Still a lot of TODOs (IR not yet converted) and FIXMEs (no i1 conversions yet). It just stops a particular LHS when it see stuff it can't handle. For control flow so far only ifs are handled. blockpcs for them are implemented too (see example above), but no regular pcs yet. I suspect ifs are enough control flow to get interesting results.

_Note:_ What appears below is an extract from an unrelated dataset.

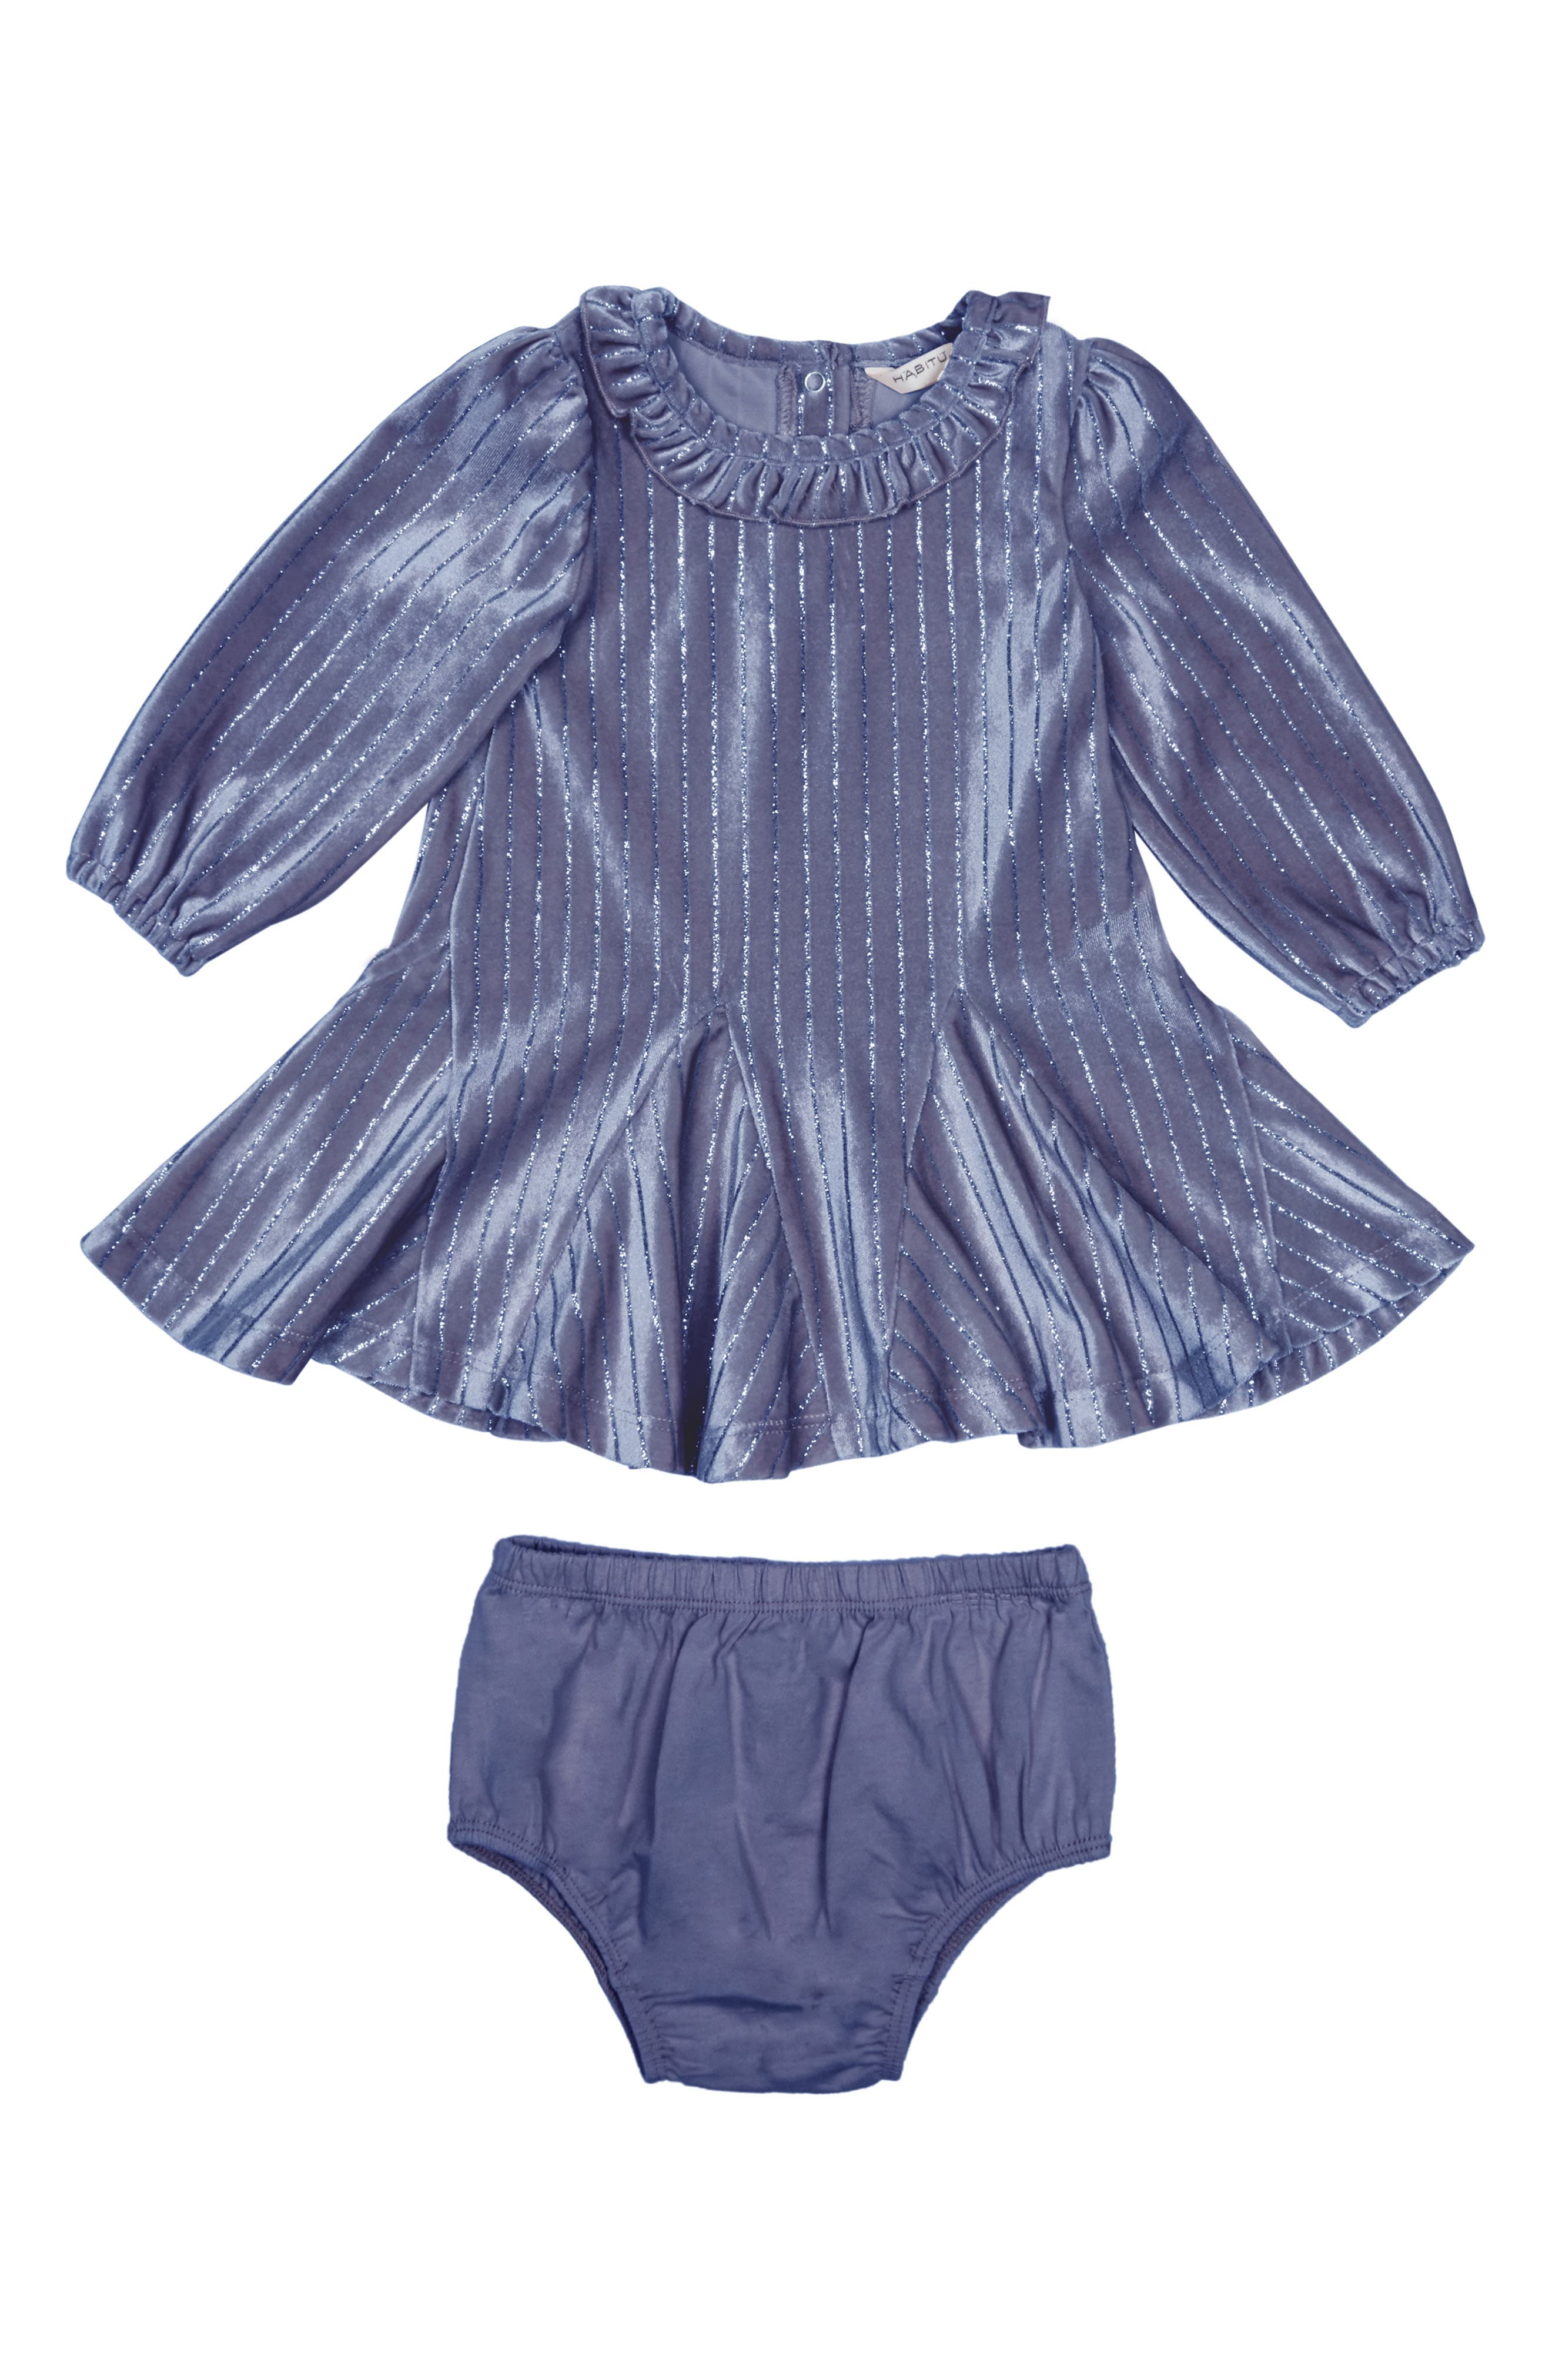 Cuekondy Newborn Infant Toddler Baby Girl 4th of July Stars Stripe Printed Tassel Backless Romper Bodysuit 3-24 Months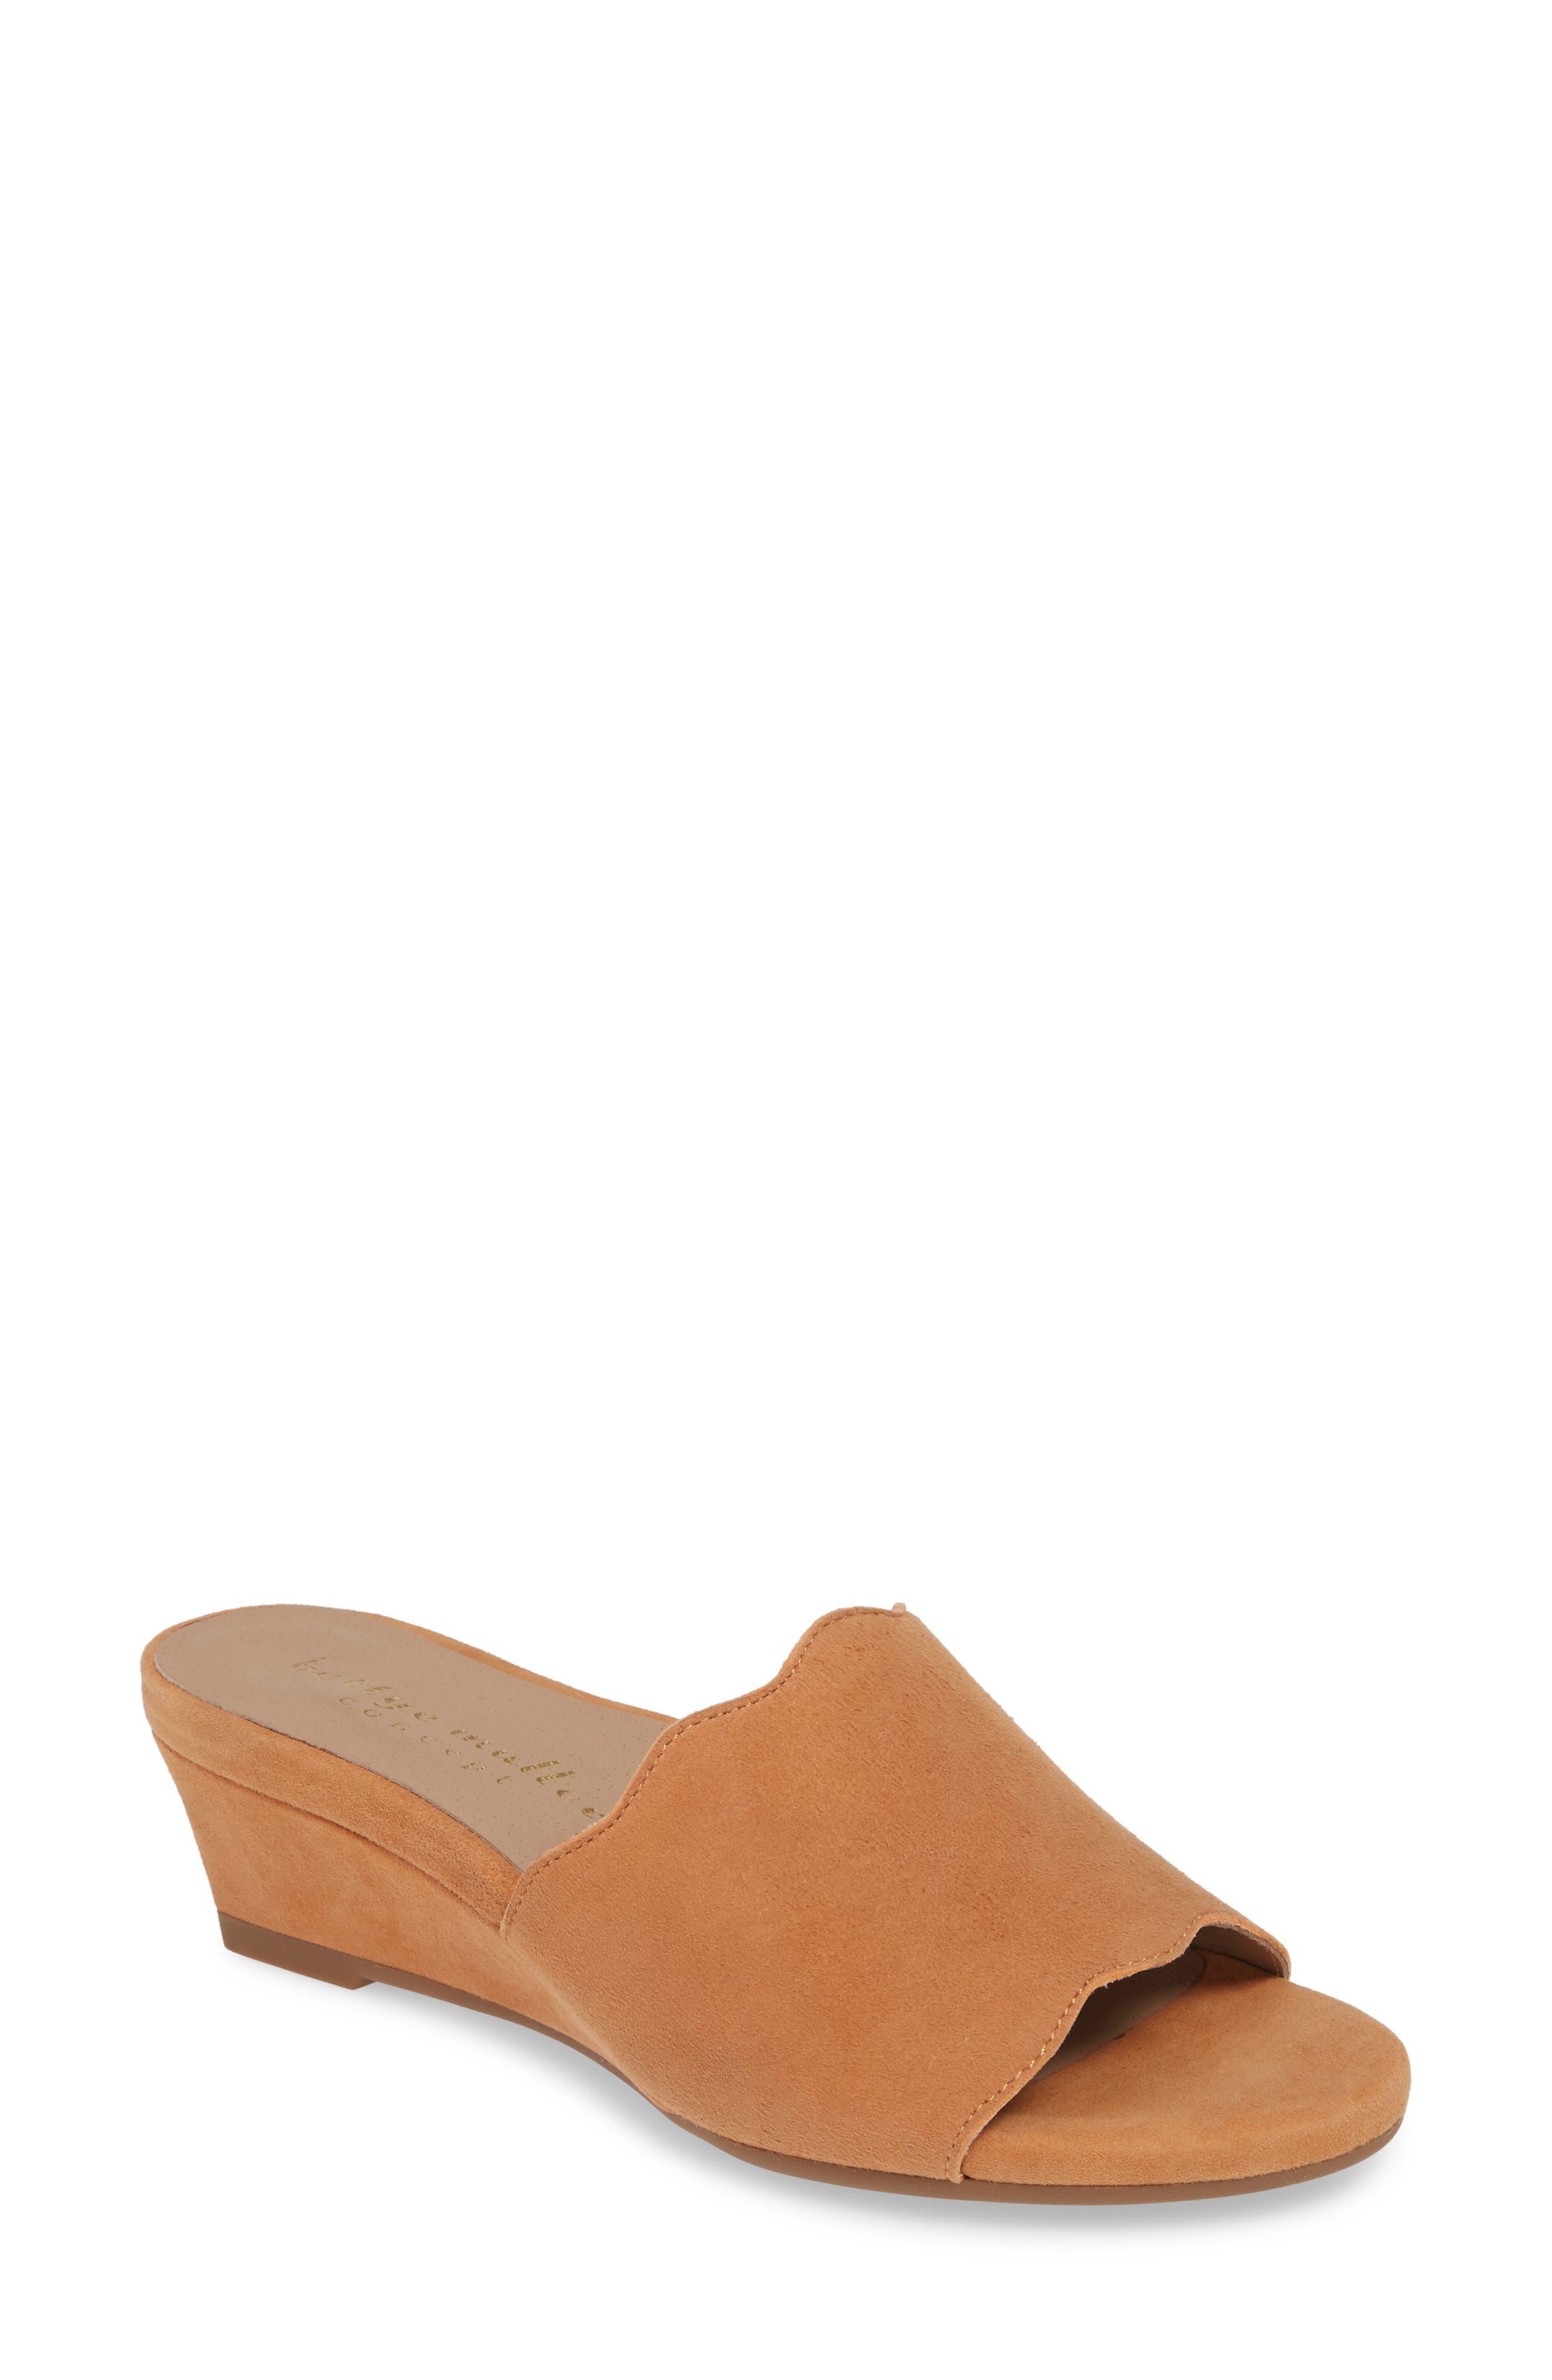 Bettye Muller Concepts Seema Slide Sandal, Orange

Some thoughts as I was doing this:

  • One thing I would expect the Souper approach to help with is "backend" inefficiencies. wasm is often code that has been run through the LLVM optimizer (nothing new there for Souper), but then it goes through an LLVM backend, which maybe introduces extra work there.
  • wasm not run through the LLVM optimizer is interesting too, e.g. generated from Go or AssemblyScript, and maybe optimized by Binaryen. Souper on such wasm could find stuff the Go, AssemblyScript, and Binaryen optimizers could do better. I'm guessing there is quite a lot there!
  • We can't expect this to handle very low-level wasm things like -(-64) being smaller than 64, or things with tees, block and if values, etc. All those details get lost in the translation to Souper IR. Overall I expect we can benefit both from the Souper approach and from superoptimizing on wasm directly (I recently got that building again for more tests), they are probably complementary.

@regehr
Copy link
Collaborator

regehr commented Apr 22, 2018

Awesome. Is there a particular C/C++ code base that is particularly representative of code you're interested in optimizing, that I should start with? Otherwise I'll just build a few random things.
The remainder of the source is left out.